## Exercise instructions
The listing must be copied out in full and exactly; no images go with it.

## Dataset extract
++++++++++

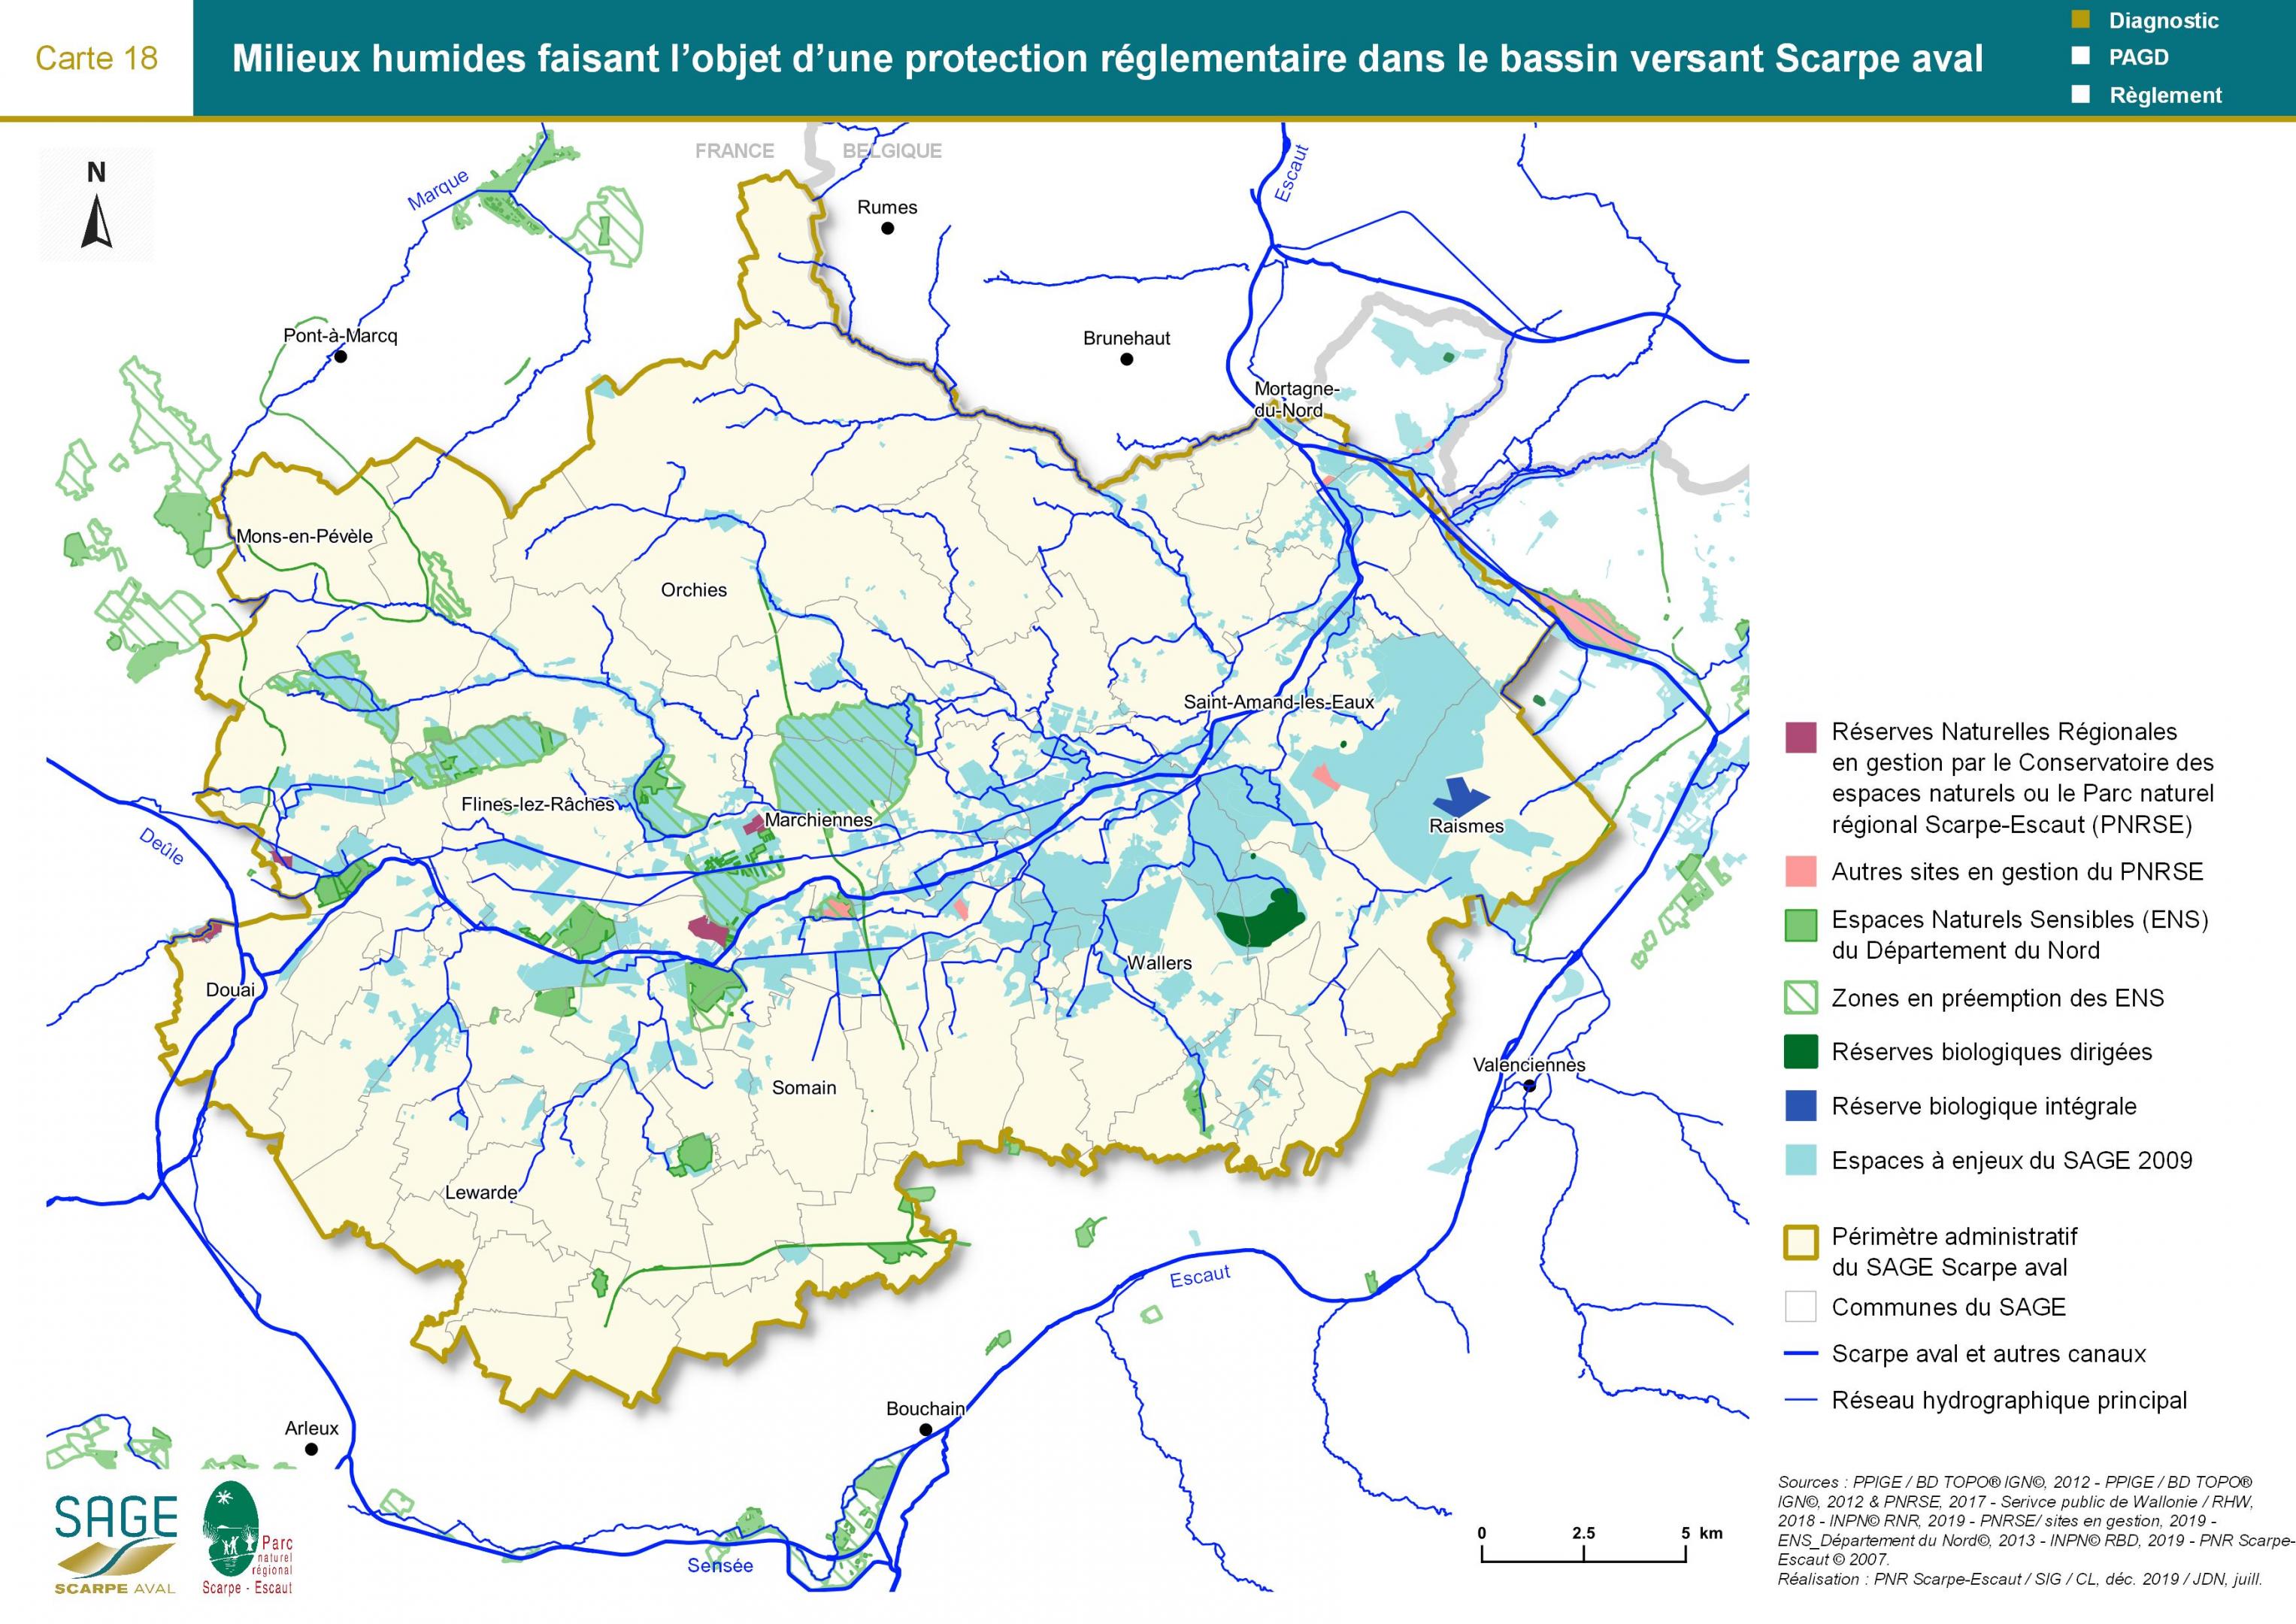 Etat des lieux - Carte 18 : Milieux humides faisant l’objet d’une protection réglementaire dans le bassin versant Scarpe aval
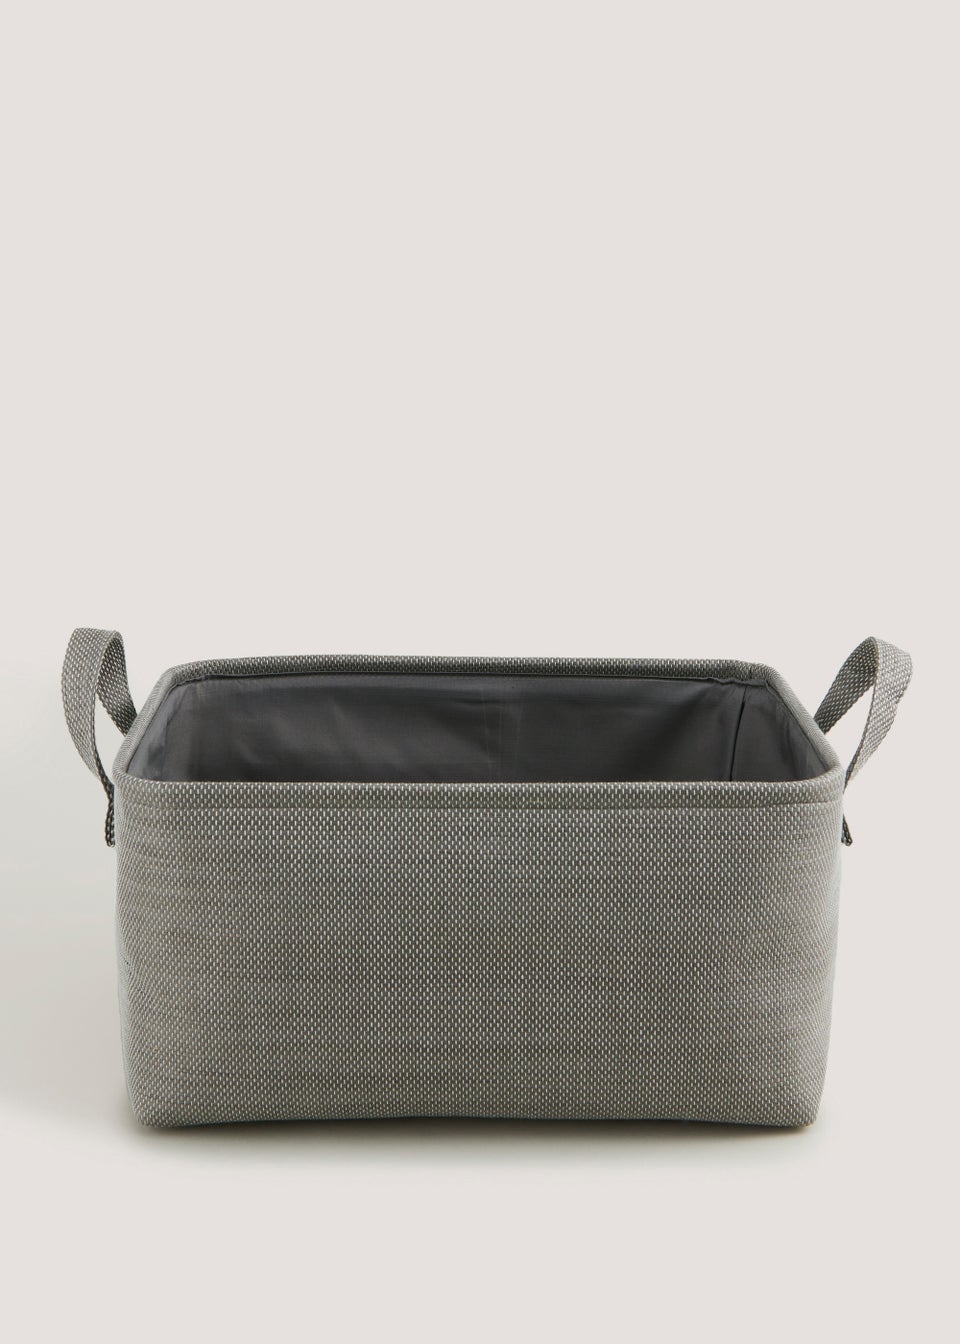 Grey Soft Storage Basket (40cm x 30cm x 20cm)
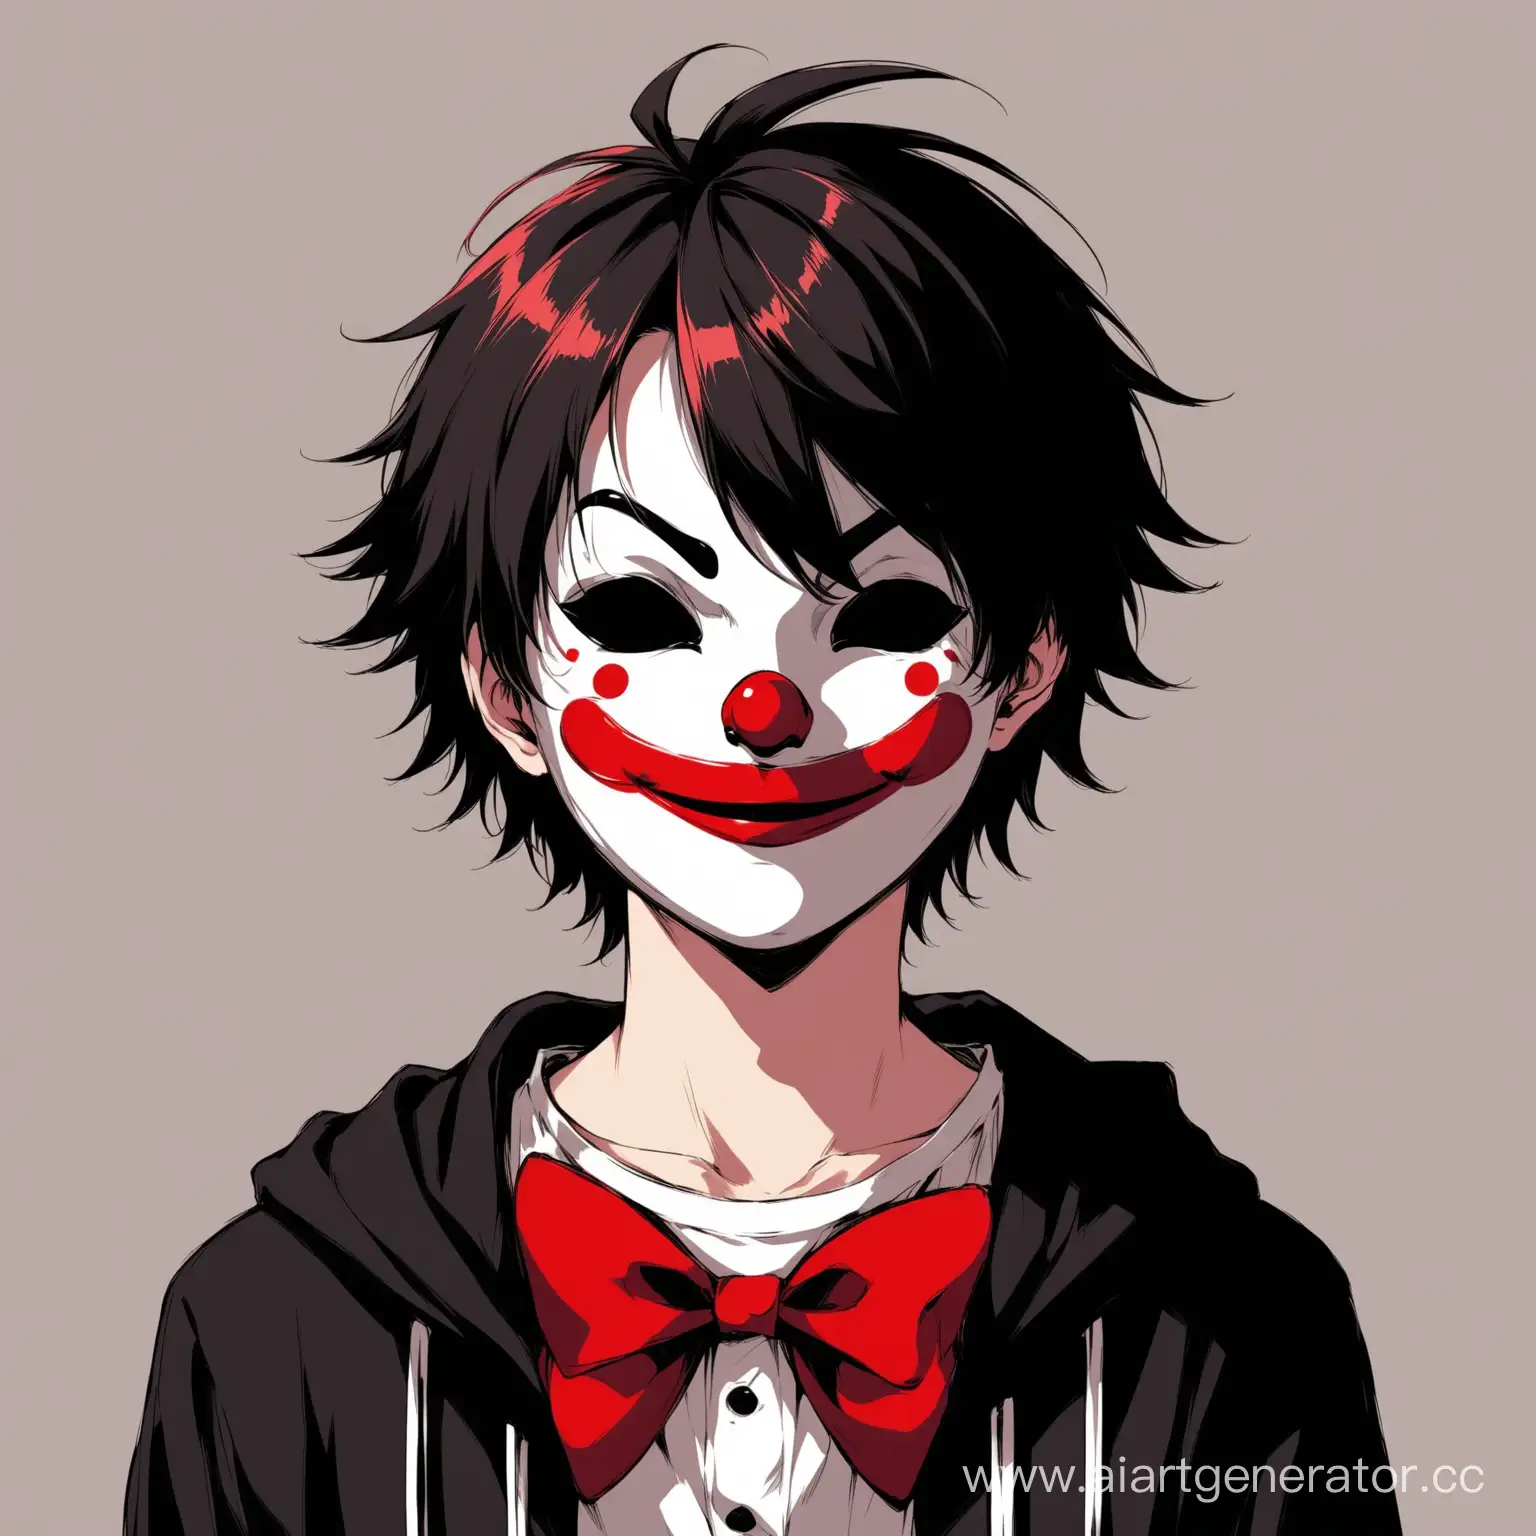 подросток мальчик с маской клоуна вместо лица в аниме стиле в черно красно белом цвете

++++++++++

## Response to this exercise
 Etat des lieux - Carte 18 : Milieux humides faisant l’objet d’une protection réglementaire dans le bassin versant Scarpe aval
 Grey Soft Storage Basket (40cm x 30cm x 20cm)
 подросток мальчик с маской клоуна вместо лица в аниме стиле в черно красно белом цвете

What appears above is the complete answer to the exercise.